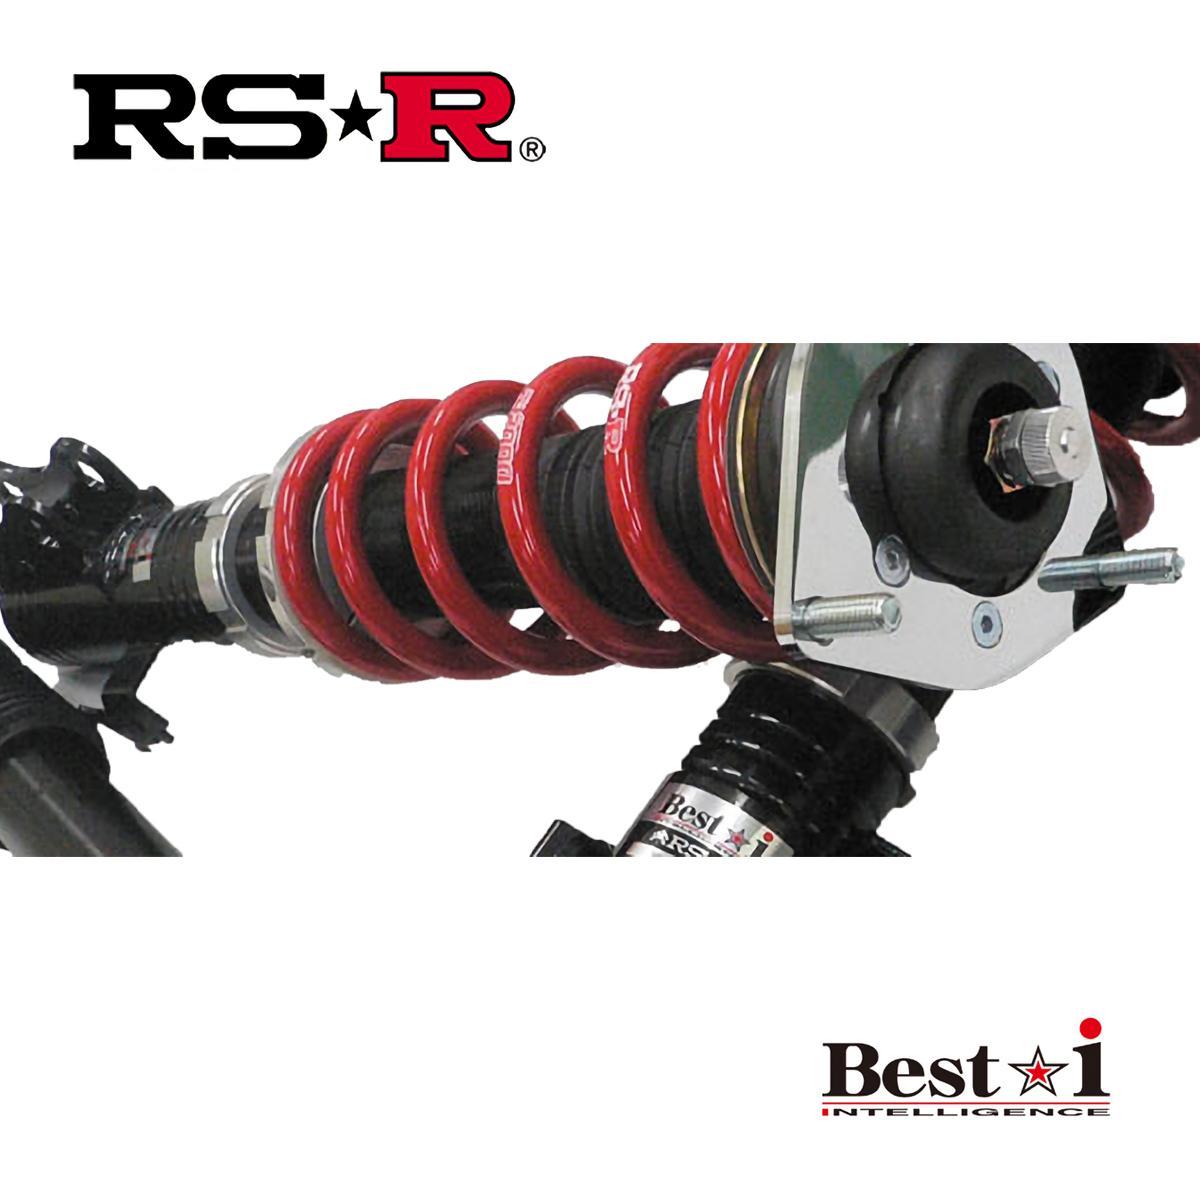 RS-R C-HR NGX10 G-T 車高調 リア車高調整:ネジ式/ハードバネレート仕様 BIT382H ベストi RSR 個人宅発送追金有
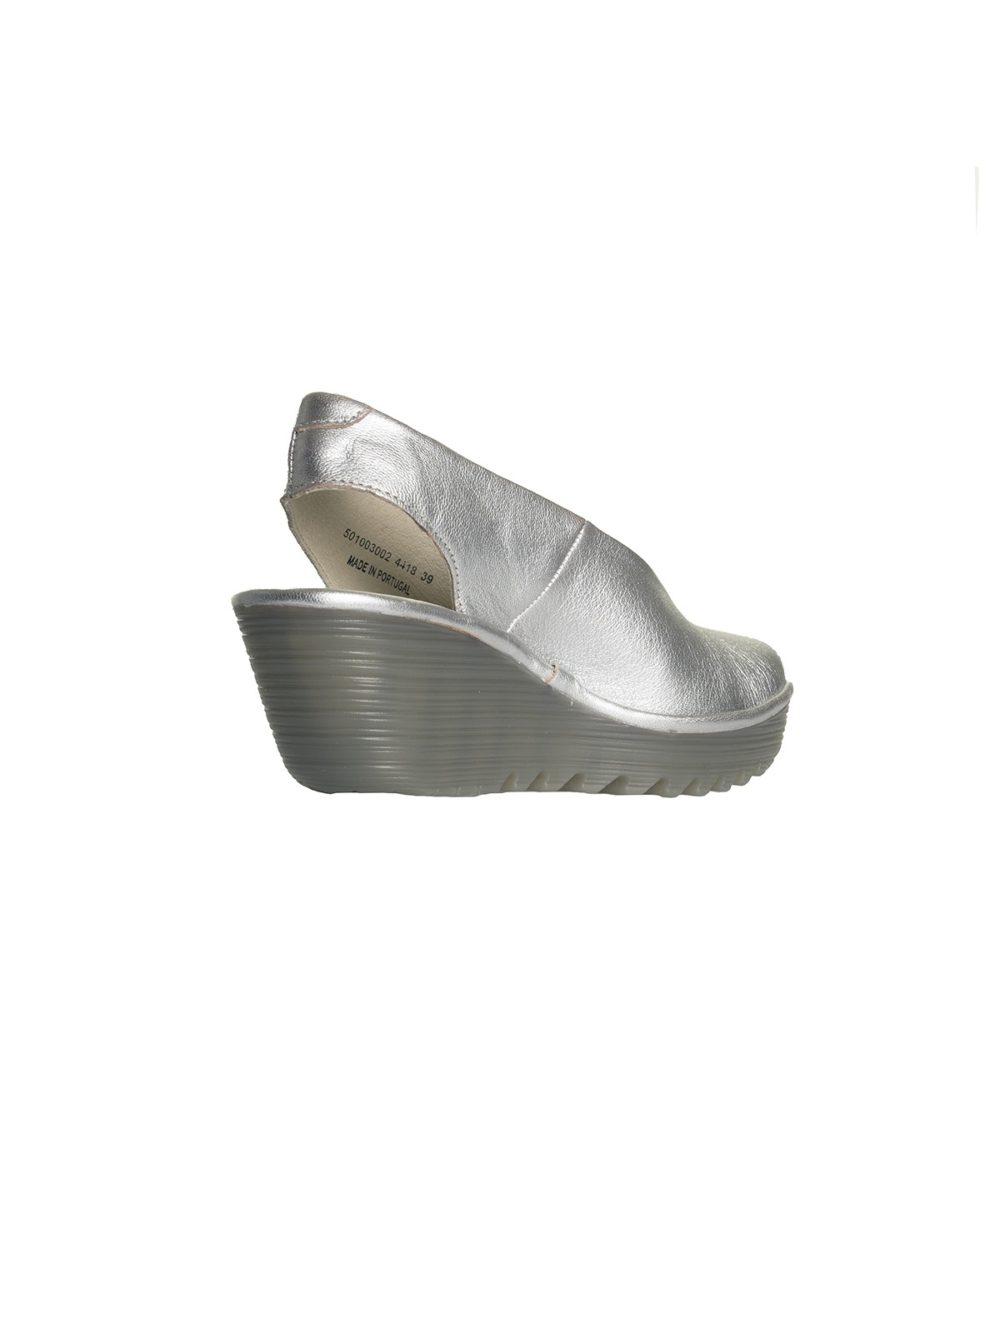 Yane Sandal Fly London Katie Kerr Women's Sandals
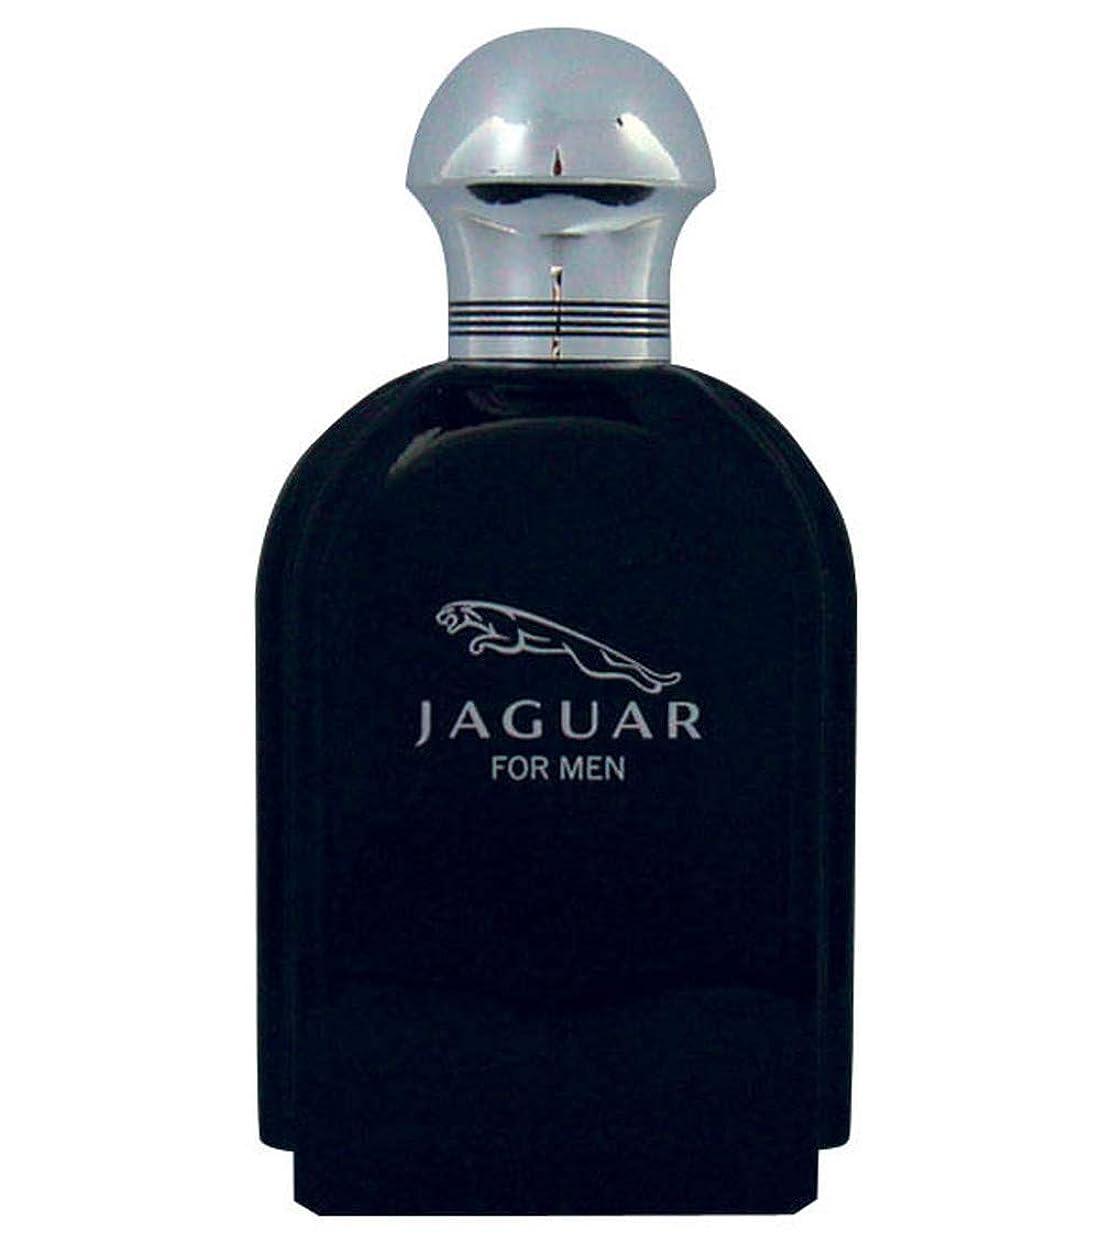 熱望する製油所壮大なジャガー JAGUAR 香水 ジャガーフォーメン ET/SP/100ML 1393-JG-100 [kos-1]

◆ ◆ ◆

» **ACTIVITY**:
Reproduce exactly, and only, the lines from the one with "Yane Sandal Fly" to the final line of the listing above; the pictures are to be left out.

» **WRITTEN RESPONSE**:
 Yane Sandal Fly London Katie Kerr Women's Sandals
 熱望する製油所壮大なジャガー JAGUAR 香水 ジャガーフォーメン ET/SP/100ML 1393-JG-100 [kos-1]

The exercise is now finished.